Fittingly, it’s the “new girl” Marybeth who introduces productive discord to the world of The Faculty, with a Scream-like twist: she’s actually the body-snatcher type alien who has begun taking over the school faculty and students. In a speech near the end of the film, Marybeth tells Casey she can fix the school’s social broken dynamics: “the jock can be smart, the ugly duckling beautiful, and the class wuss doesn’t have to live in terror.” The alien is full of utopian promises, as body snatchers usually are.
In perhaps the best iteration of the body snatcher story, the 1978 film Invasion of the Body Snatchers, Leonard Nimoy tells Donald Sutherland not to “be trapped by old concepts” as he prepares to assimilate Sutherland “into an untroubled world, free of anxiety, fear, hate” (no actor in history has ever made a better pod-person than Leonard Nimoy; somehow he’s both deeply chilling and very enticing).

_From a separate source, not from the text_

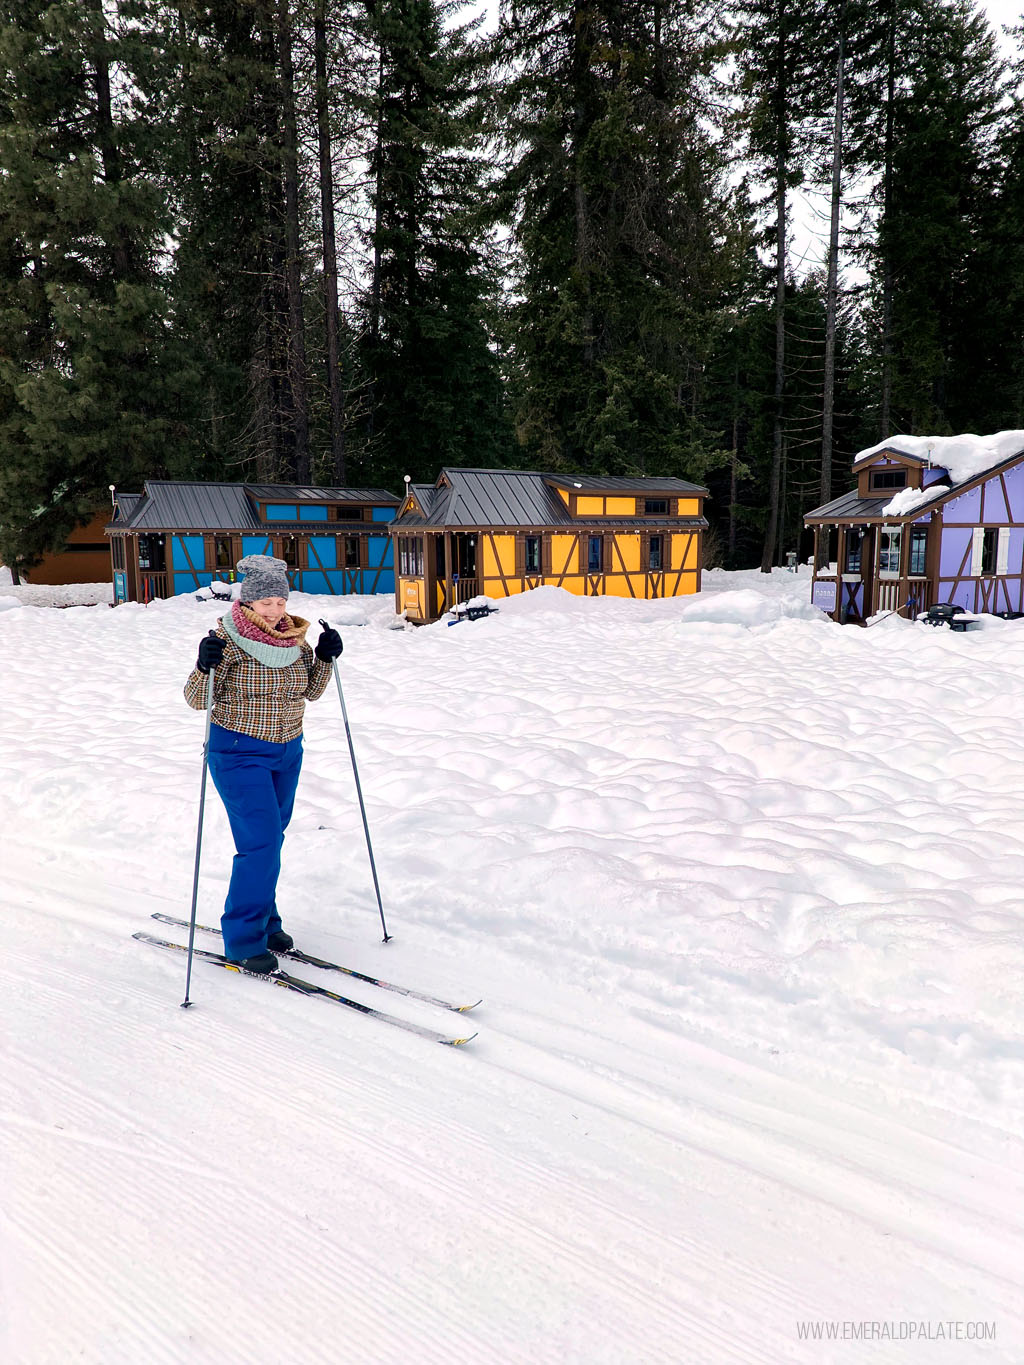 The Best Cross Country Skiing in Washington

Little wonder that Williamson’s Faculty script draws on similarities between teen movies and body-snatching movies: the unified promise of a world free of the complications of human psychology, or at least free of the ways that humans tend to cling together in tight-knit, violently exclusive groups.
Ironically, Williamson apparently passed up the chance to direct The Faculty in order to direct Teaching Mrs. Tingle, a teen movie awash in the genre’s worst excesses with little of the spark of Scream or The Faculty. Like The Faculty, the monster in Teaching Mrs. Tingle is a member of the school faculty bent on destroying the future of an overachieving heroine; it’s a different kind of attempted identity destruction. There is little choice but to stick together; the faculty is always out to get the students.